I know that probably seems like a very nice, elegant solution to get black + two shade, but I am afraid it won't work very well. Your resistors are much too large and this is causing a bad case of impedance mismatching. And you would likely experience the exact problems you describe - some displays (a small minority I would expect with resistors that large) would be able to use the signal, but most would not, or only correctly read pixels intermittently per each frame.

If you want to properly drive a 75Ω impedance while reducing a higher voltage to the correct voltage range, you need to use an impedance matching network, like an L-pad divider.

Discussing the theory behind L-pad dividers is kind of beyond the scope of this question, but you would do well to use transistors to properly set the voltage levels without having the high impedance of a divider.

Here, just to do a sanity check and see if my guess is correct, ditch the second IO line on the 3 color inputs.
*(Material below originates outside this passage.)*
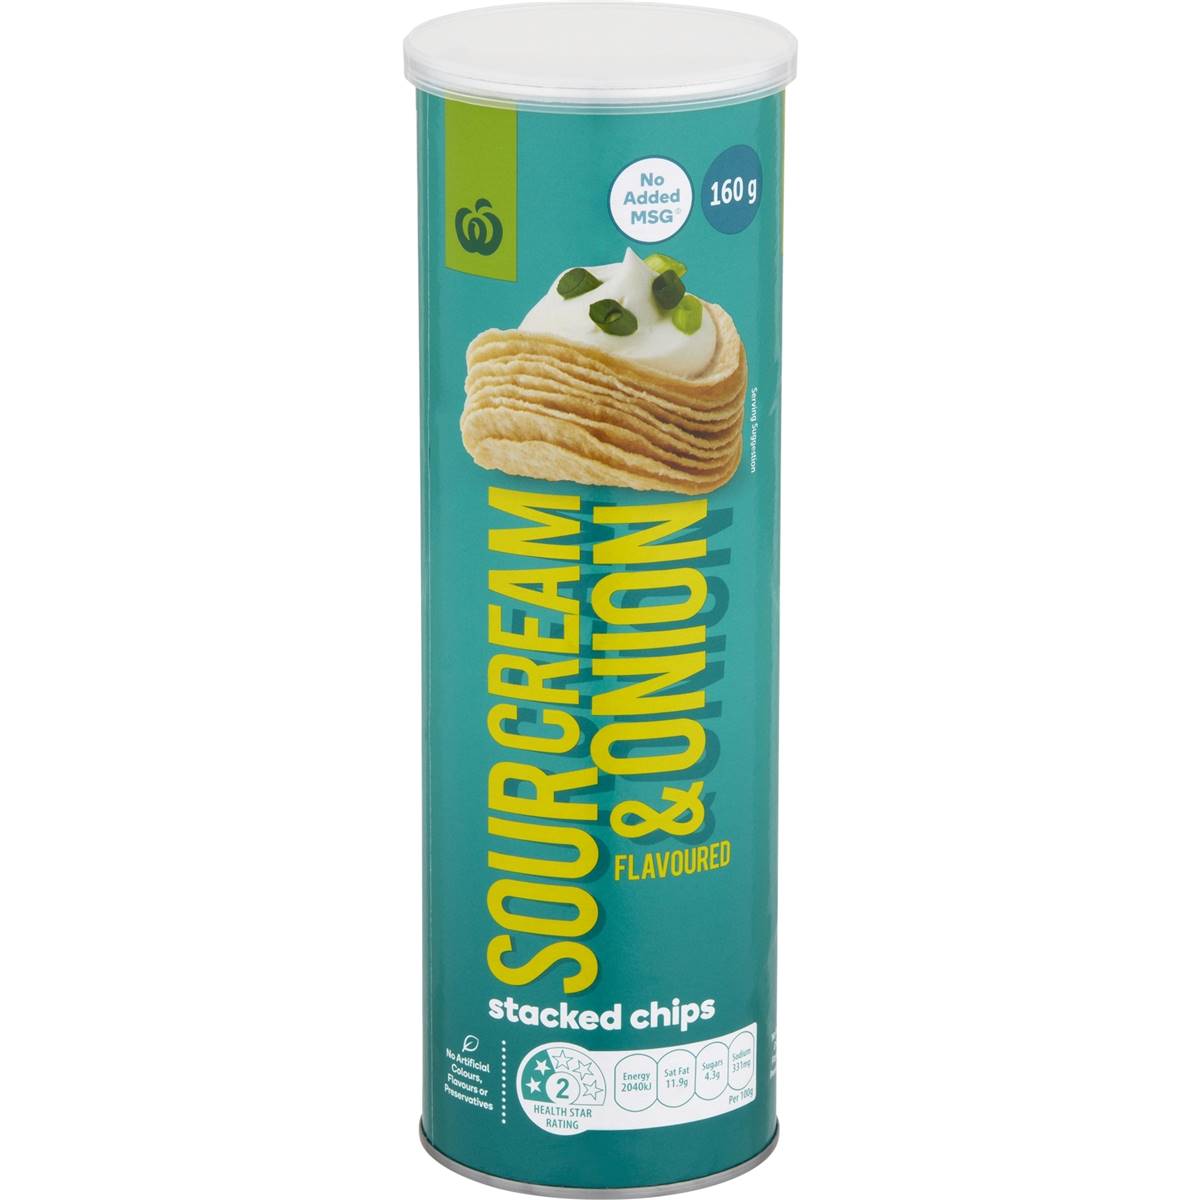 Calories in Woolworths Sour Cream & Onion Stacked Chips

You can't correctly drive a VGA input using the 75 ohms as a participant in a voltage divider anyway, so you'll have to ditch that idea entirely I'm afraid. You can get away with using a proper DAC style ladder, but even then, all the resistors will be an order of magnitude smaller than 1K and 2K.

Just use one IO pin, and I just realized this probably exceeds the single pin current... 50mA I think? But the ideal l-pad for 75Ω that attenuates 5V to 0.7V would be a 64Ω and 12Ω resistor in series to ground, with the signal out to the display being the tap between the two.

The magic here is that, if you remove my rounding errors, this results in a resistance of 75Ω. That is what matched impedance means. That each end has the equivalent to 75Ω from the signal pin to ground.

Basically, the pins of your atmega aren't strong enough to drive a 75Ω impedance at full power when running from 5V, as that would consume more than 50mA. Instead, just use a ladder with a similar ratio, but not so large. Try 220Ω and 56Ω, and that should resolve your signal problems and reduce the signal voltage to 0.7V WITHOUT having so much of an unmatched impedance that most displays won't even work correctly.